Herbert looked up at her and paused for her to go on.
“I have promised mamma that there shall be no change between us,—in our manner to each other, I mean. We are not betrothed as yet, you know, and perhaps we may never be so.”
“Isa!”
“It may not be possible, you know. And therefore we willgo on as before. Of course we shall see each other, and of course we shall be friends.”

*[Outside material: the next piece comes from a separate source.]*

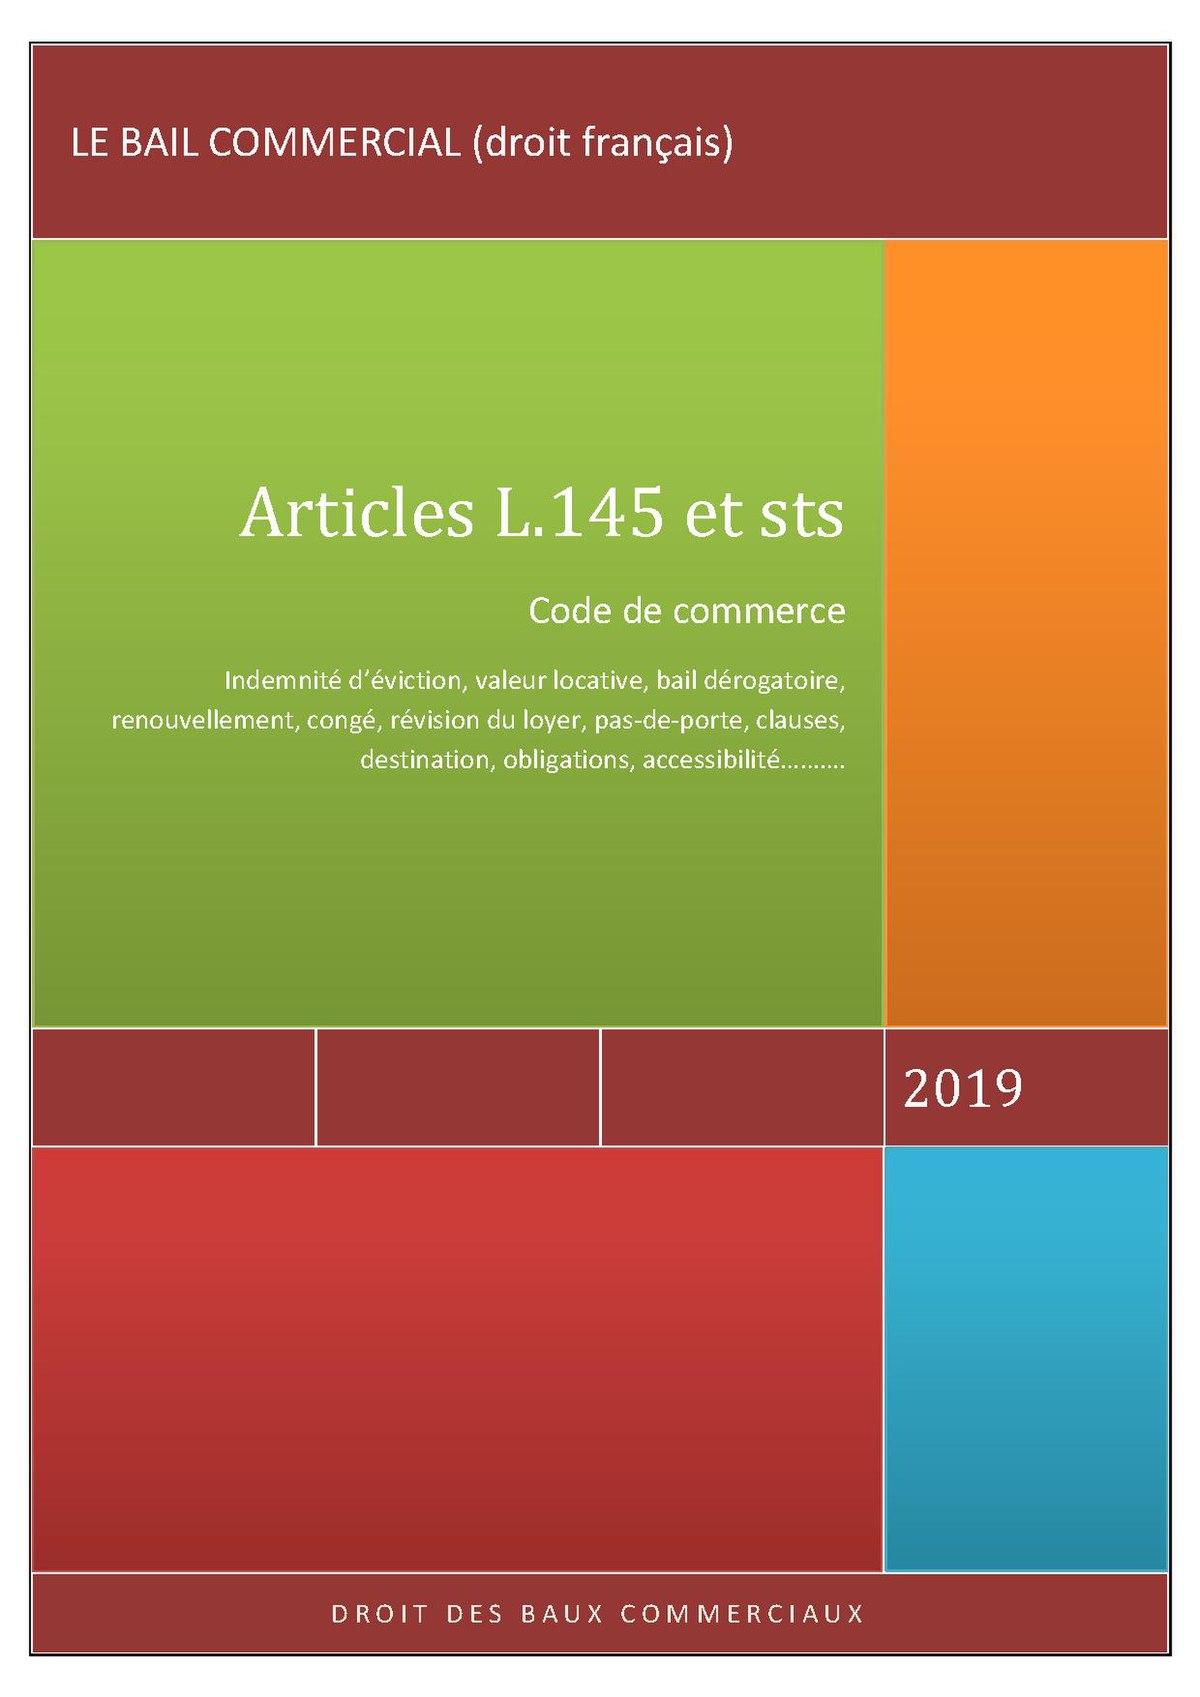 Bail Commercial Droit Francais Wikipedia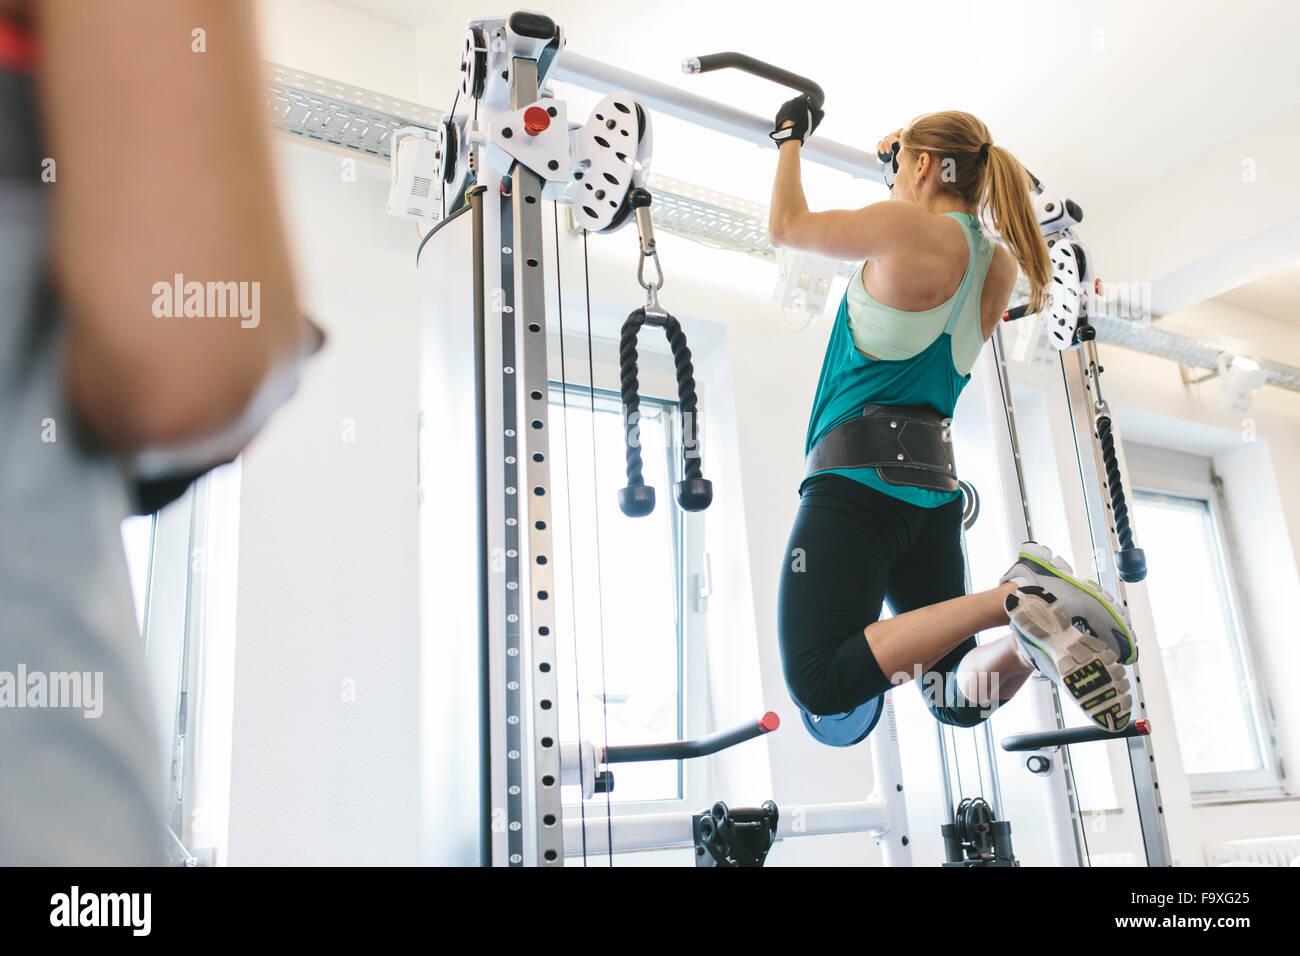 Frau macht Klimmzüge mit Gewichten im Fitnessstudio Stockbild

Herbert Onslow again fretted and again fumed, but he did not have his way. He had looked forward to the ecstasies of a lover’s life, but very few of those ecstasies were awarded to him. He rarely found himself alone with Isa, and when he did do so, her coldness overawed him. He could dare to scold her, and sometimes did do so, but he could not dare to take the slightest liberty. Once, on that night when the qualified consent of papa and mamma Heine had first been given, he had been allowed to touch her lips with his own; but since that day there had been for him no such delight as that. She would not even allow her hand to remain in his. When they all passed their evenings together in the beer-garden, she would studiously manage that his chair should not be close to her own. Occasionally she would walk with him, but not more frequently now than of yore. Very few, indeed, of a lover’s privileges did he enjoy. And in this way the long year wore itself out, and Isa Heine was one-and-twenty.
All those family details which had made it inexpedient to apply either to old Hatto or to Herbert’s father before the end of the year need not be specially explained. Old Hatto, who had by far the greater share in the business, was a tyrant somewhat feared both by his brother and sister-in-law; and the elder Onslow, as was known to them all, was a man straitened in circumstances. But soon after New Year’s Day the proposition was made in the Schrannen Platz, and the letter was written. On this occasion Madame Heine went down to the bank, and together with her husband, was closeted for an hour with old Hatto. Uncle Hatto’s verdict was not favourable. As to the young people’s marriage, that was his brother’s affair, not his. But as to the partnership, that was a serious matter. Who ever heard of a partnership being given away merely because a man wanted to marry? He would keep to his promise, and if the stipulated moneys were forthcoming, Herbert Onslow should become a partner,—in four years. Nor was the reply from England more favourable. The alliance was regarded by all the Onslows very favourably. Nothing could be nicer than such a marriage! They already knew dear Isa so well by description! But as for the money,—that could not in any way be forthcoming till the end of the stipulated period.
“And what shall we do?” said Herbert to Papa Heine.
“You must wait,” said he.
“For four years?” asked Herbert.
“You must wait,—as I did,” said Papa Heine. “I was forty before I could marry.” Papa Heine, however, should not have forgotten to say that his bride was only twenty, and that if he had waited, she had not.
“Isa,” Herbert said to her, when all this had been fully explained to her, “what do you say now?”
“Of course it is all over,” said she, very calmly.
“Oh, Isa, is that your love?”
“No, Herbert, that is not my love; that is my discretion;” and she even laughed with her mild low laughter, as she answered him. “You know you are too impatient to wait four years, and what else therefore can I say?”
“I wonder whether you love me?” said Herbert, with a grand look of injured sentiment.
“Well; in your sense of the word I do not think I do. I do not love you so that I need make every one around us unhappy because circumstances forbid me to marry you. That sort of love would be baneful.”